Alt-country-folk-pop trio The Bittersweets offer songs that reflect their name, feeling that, in writer Chris Meyers’ view, “Art is at its best when it’s asking questions, rather than giving answers.” Singer Hannah Prater adds,”I think the name fits us, because a lot of the songs talk about life’s tensions (embracing) both the beautiful and the ugly, happy and sad, life’s paradoxes.” These things give her plenty of expressive lyrics to interpret, and she does so, claiming to be influenced by Joni Mitchell and Over The Rhine.
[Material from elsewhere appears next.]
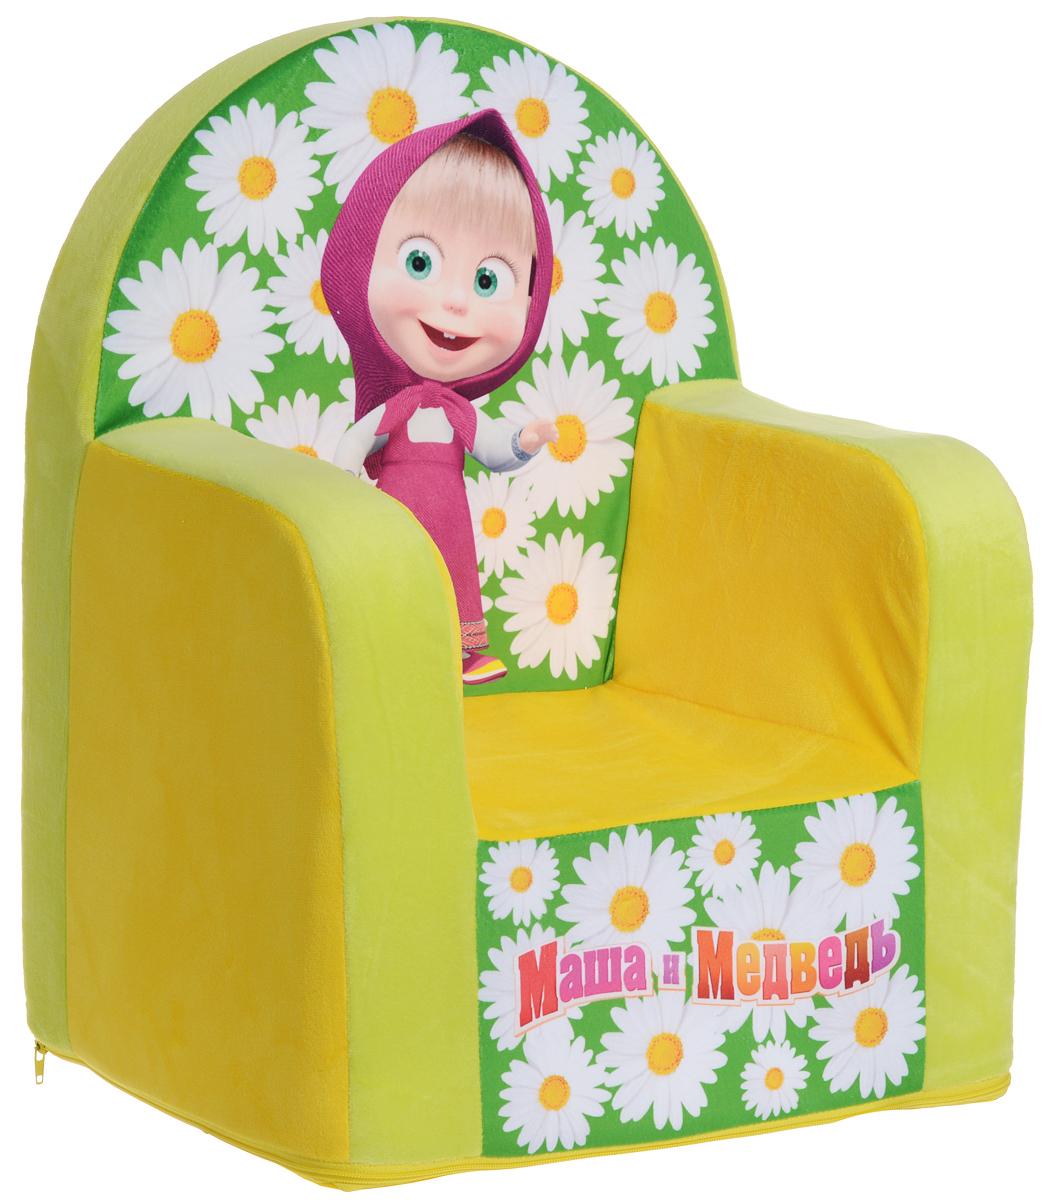 СмолТойс Мягкая игрушка Кресло Маша и Медведь цвет желтый 54 см2021/ЖЛ-2/53Мягкая игрушка СмолТойс Кресло Маша и Медведь отлично украсит любую детскую комнату!Мягкая игрушка выполнена в виде кресла и изготовлена с учетом размеров тела ребенка без применения деревянных конструкций. Такая игрушка полностью мягкая, удобная для малыша, выполнена из экологичных и качественных материалов. Особенно кресло понравится тем малышам, которые обожают мультфильмы про Машу и Медведя. Кресло имеет яркую окраску и практичный съемный чехол на застежке-молнии, который при необходимости вы сможете постирать.Ваш ребенок будет в восторге от такого подарка!

Her voice is more rounded than Mitchell’s, although you can hear echoes in “My Sweet Love;” but Karin Bergquist’s inspiration is all over this like waves over the sea, especially in some of the stronger , slower songs, such as “Wreck” and “Is Anyone Safe?” along with “Tidal Waves“ and the final, untitled piece.

The thoughtful lyrics are clearly written by someone with a gift for conveying stories visually and deal mostly with relationships that don’t work, and even end in tragedy. How about this for conveying the passage of time and empty alliances: 

                                        The days went by like highway miles
                                        Songs and bars and bathroom tiles 
                                        TV screens left dreaming in the dark?

This is a very Nashville album, for better or worse, with players such as Don Williams’ steel guitarist, Ben Folds’ cellist, John Prine’s long-time bassist and a keyboard player who has worked with Emmylou Harris, The Dixie Chicks and Josh Rouse. Over the whole disc, it can mean that the feel is almost of over-production, but such talents add some appropriate sounds to the collection. There is a haunting quality to “Lies,” shimmering reverb on “Tidal Waves,” and some lovely twanging on “Bordertown.” Furthermore, the final track “When the War is Over” (if you don’t count the ‘hidden’ one) is left as a spacious piece, adorned only with gently picked guitar, atmospheric slide and a deft brush of cello.

There could be more variety to the sound, but those who love the more country side of Over The Rhine should enjoy this, as should many who love Nashville product, or are bearing the scars of difficult relationships and still working through them.